CUDA Device Query (Runtime API) version (CUDART static linking)
Detected 1 CUDA Capable device(s)
Device 0: “NVIDIA GeForce RTX 3080”
CUDA Driver Version / Runtime Version 11.7 / 11.7
CUDA Capability Major/Minor version number: 8.6
Total amount of global memory: 10018 MBytes (10504437760 bytes)
(068) Multiprocessors, (128) CUDA Cores/MP: 8704 CUDA Cores
GPU Max Clock rate: 1710 MHz (1.71 GHz)
Memory Clock rate: 9501 Mhz
Memory Bus Width: 320-bit
L2 Cache Size: 5242880 bytes
Maximum Texture Dimension Size (x,y,z) 1D=(131072), 2D=(131072, 65536), 3D=(16384, 16384, 16384)
Maximum Layered 1D Texture Size, (num) layers 1D=(32768), 2048 layers
Maximum Layered 2D Texture Size, (num) layers 2D=(32768, 32768), 2048 layers
Total amount of constant memory: 65536 bytes
Total amount of shared memory per block: 49152 bytes
Total shared memory per multiprocessor: 102400 bytes
Total number of registers available per block: 65536
Warp size: 32
Maximum number of threads per multiprocessor: 1536
Maximum number of threads per block: 1024
Max dimension size of a thread block (x,y,z): (1024, 1024, 64)
Max dimension size of a grid size (x,y,z): (2147483647, 65535, 65535)
Maximum memory pitch: 2147483647 bytes
Texture alignment: 512 bytes
Concurrent copy and kernel execution: Yes with 2 copy engine(s)
Run time limit on kernels: Yes
Integrated GPU sharing Host Memory: No
Support host page-locked memory mapping: Yes
Alignment requirement for Surfaces: Yes
Device has ECC support: Disabled
Device supports Unified Addressing (UVA): Yes
Device supports Managed Memory: Yes
Device supports Compute Preemption: Yes
Supports Cooperative Kernel Launch: Yes
Supports MultiDevice Co-op Kernel Launch: Yes
Device PCI Domain ID / Bus ID / location ID: 0 / 101 / 0

overclocking?

each data movement operation involves one read and one write. Bandwidth is measured in bytes read and written, per second. The Size is the amount of bytes copied, but each byte copied requires one write and one read.

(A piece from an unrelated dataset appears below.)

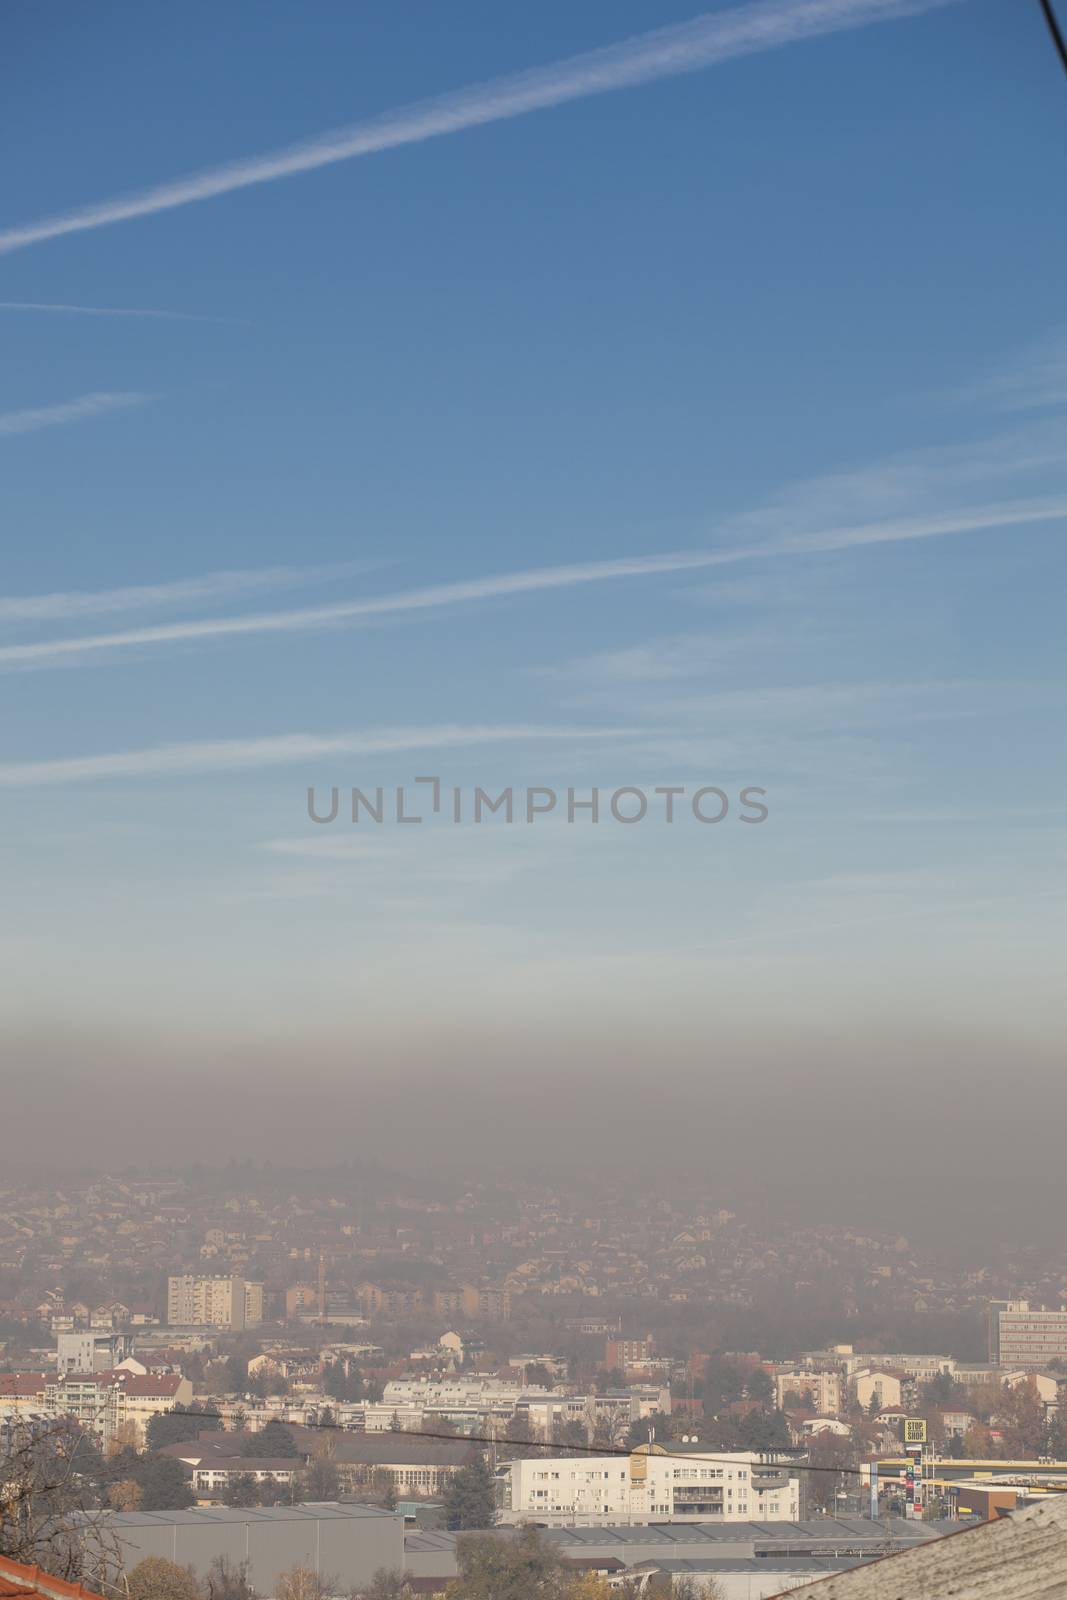 Smog and airpoluton air polution, Europe, Serbia, Valjevo city

That could be an artifact of the timing methodology. The elapsed time for the highlighted log entry is on the order of a couple of microseconds. Looking at the SDK timer used for the example programs, it seems the underlying operating system timers should be able to support sub-microsecond granularity. However, I notice that the SDK timer keeps some data as float, which may add additional numerical artifacts that increase clock jitter as seen by the user, but I have not reviewed this in detail. For that reason I keep timing data as double in my own work.

NVIDIA may want to review their SDK timing methodology with regard to (1) reliability of measuring events of extremely short duration, possibly changing float data items to double (2) avoiding measuring of events of extremely short duration, possibly increasing the minimum sizes used in various shmoo tests.

also I believe the number commonly reported by NVIDIA for these types of specs is GB = 2^30 bytes, whereas the GB number used by bandwidth test is 1 billion bytes. That would not give a complete accounting of the difference, however. That could account for ~7% difference.

For bandwidth tests it is customary to use SI prefixes in their ordinary meaning, so GB/s means 109 bytes/second. The usage in this CUDA program is consistent with that. I assume that the speeds & feeds marketing numbers (here: 760 GB/s) quoted for NVIDIA GPUs make use of the same metric, because in my experience marketing will always quote the highest number available.

Only in measurements of capacity should the alternate binary prefixes be used, such as MiB (mebi bytes) and GiB (gibi bytes). Unless you are a mass storage vendor, but I digress …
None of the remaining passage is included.